» **Exercise aim**
The listing below contains a span that opens with the line containing "Real estate property" and closes with the line containing "Usborne Books Logo". Return that span exactly.
Recorded data: Begin
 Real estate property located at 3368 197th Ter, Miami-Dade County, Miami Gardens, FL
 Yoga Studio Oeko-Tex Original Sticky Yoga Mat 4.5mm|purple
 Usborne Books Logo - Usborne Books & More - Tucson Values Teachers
Recorded data: End
Recorded data: Begin
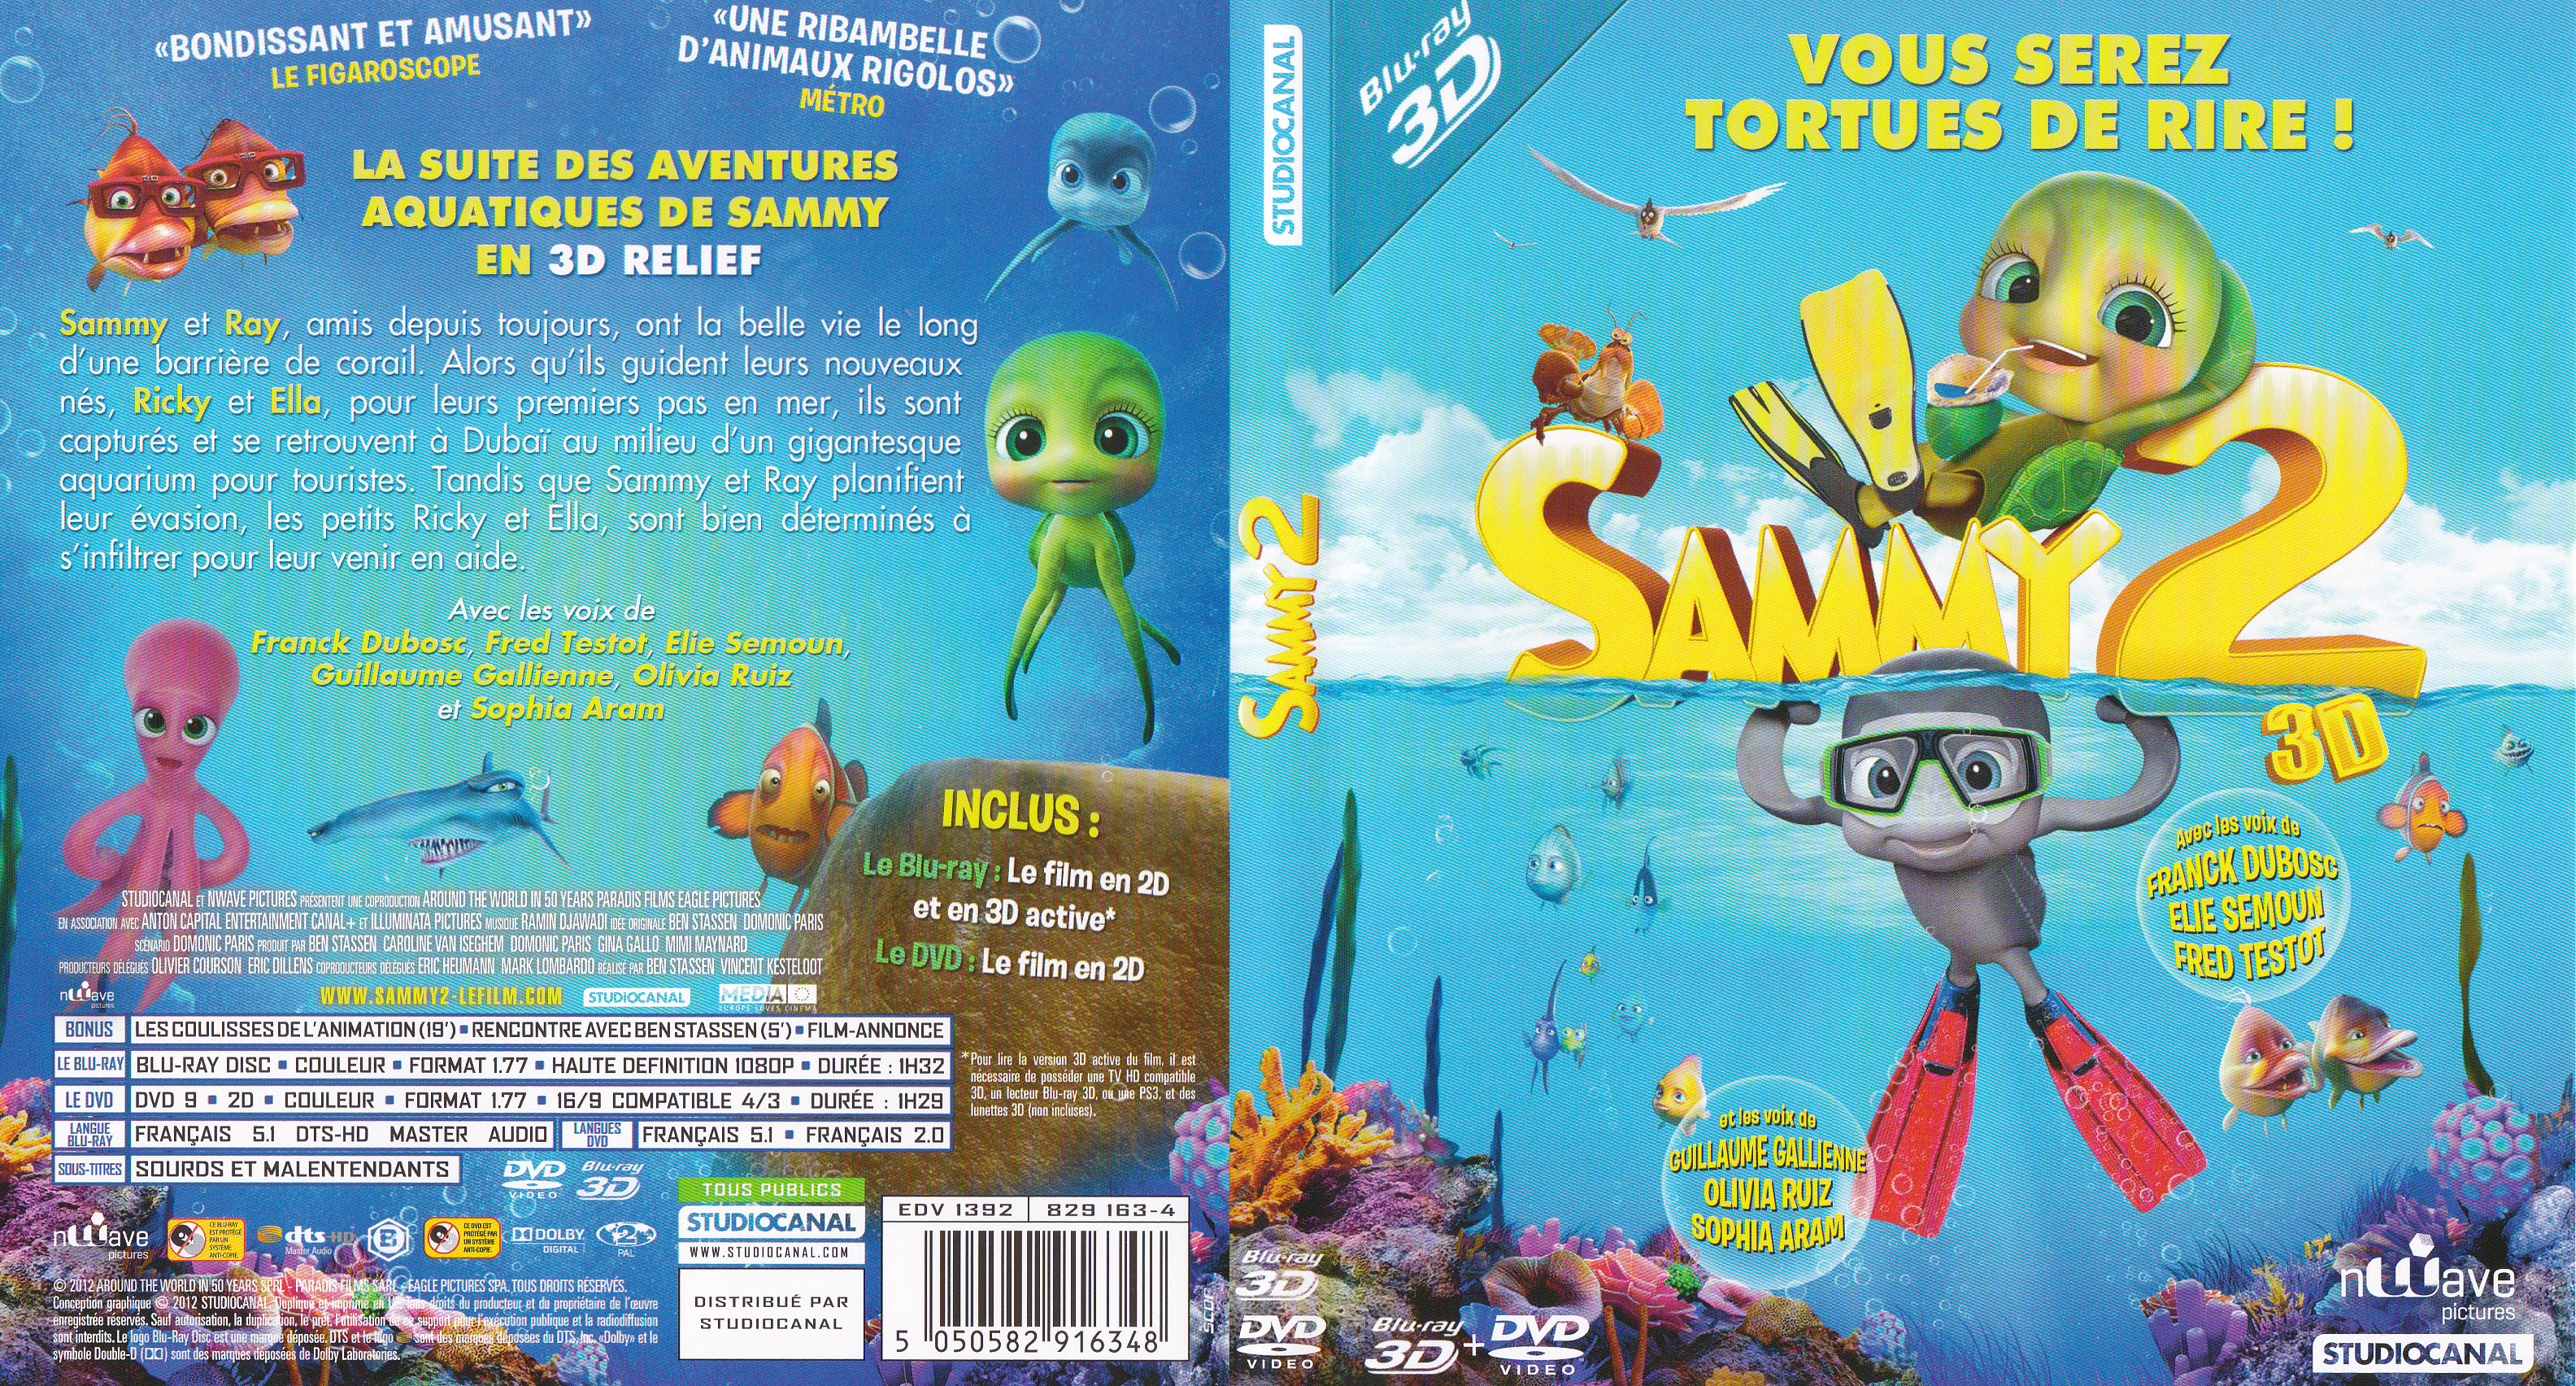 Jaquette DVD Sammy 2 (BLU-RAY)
Recorded data: End
Recorded data: Begin
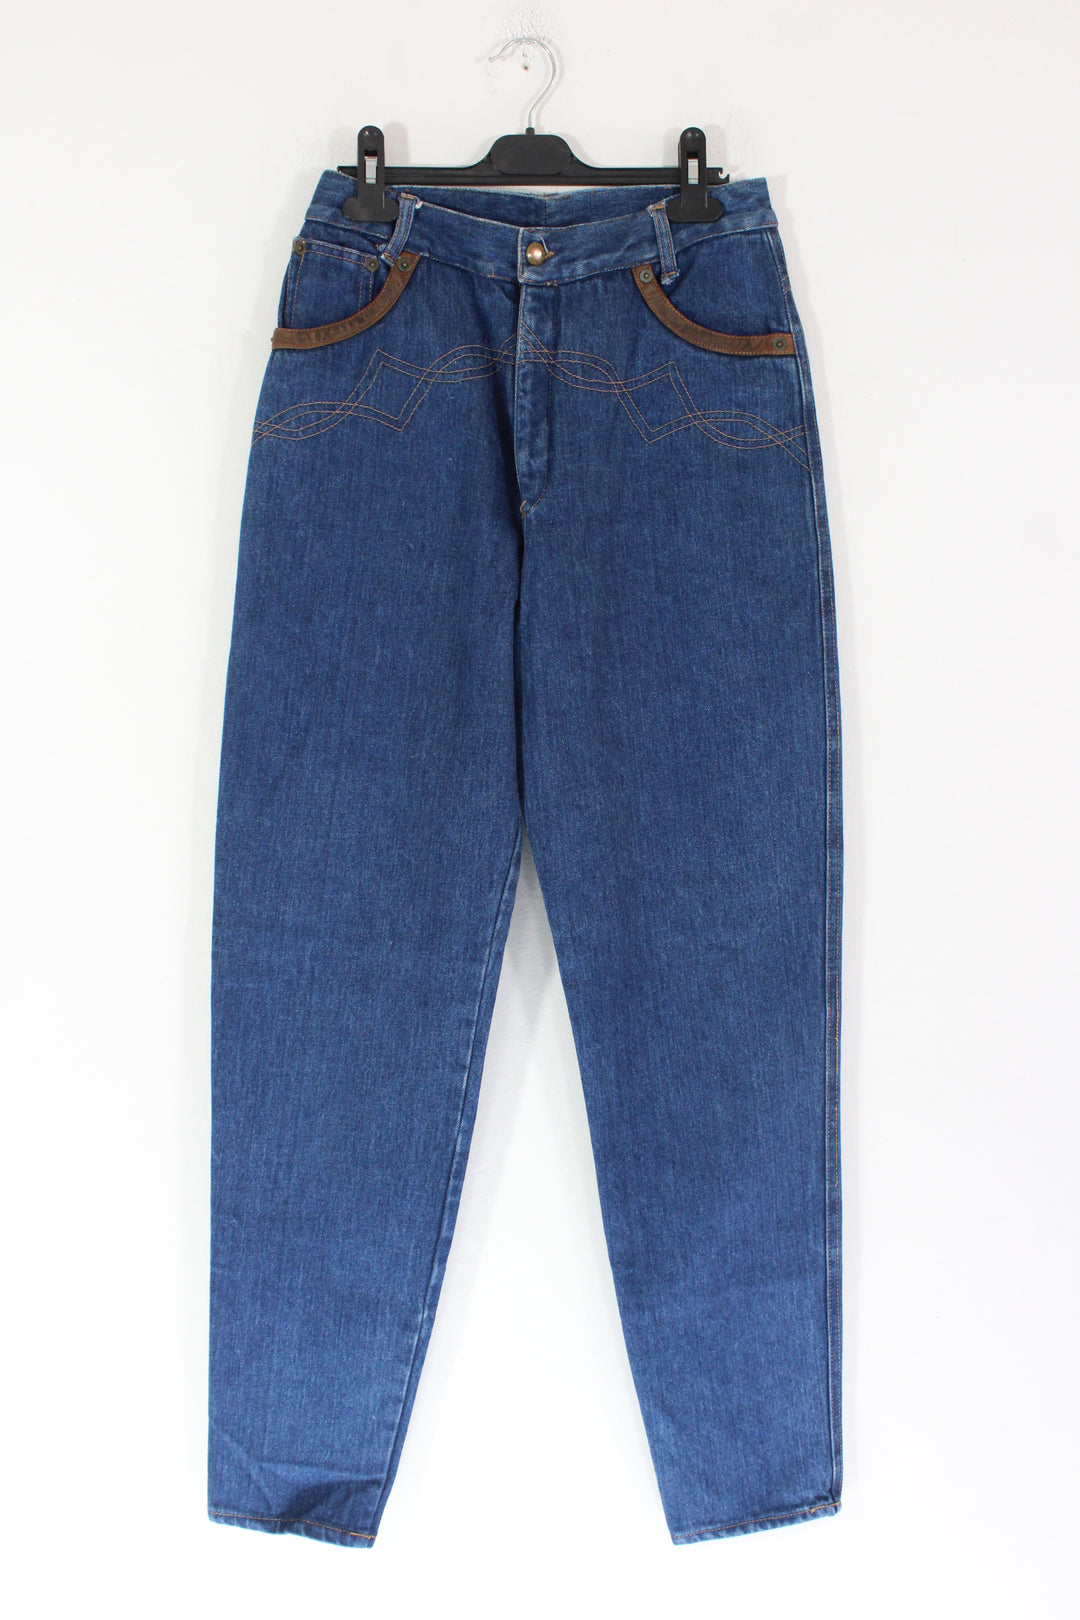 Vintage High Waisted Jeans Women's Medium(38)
Recorded data: End
» **Answer area**
 Real estate property located at 3368 197th Ter, Miami-Dade County, Miami Gardens, FL
 Yoga Studio Oeko-Tex Original Sticky Yoga Mat 4.5mm|purple
 Usborne Books Logo - Usborne Books & More - Tucson Values Teachers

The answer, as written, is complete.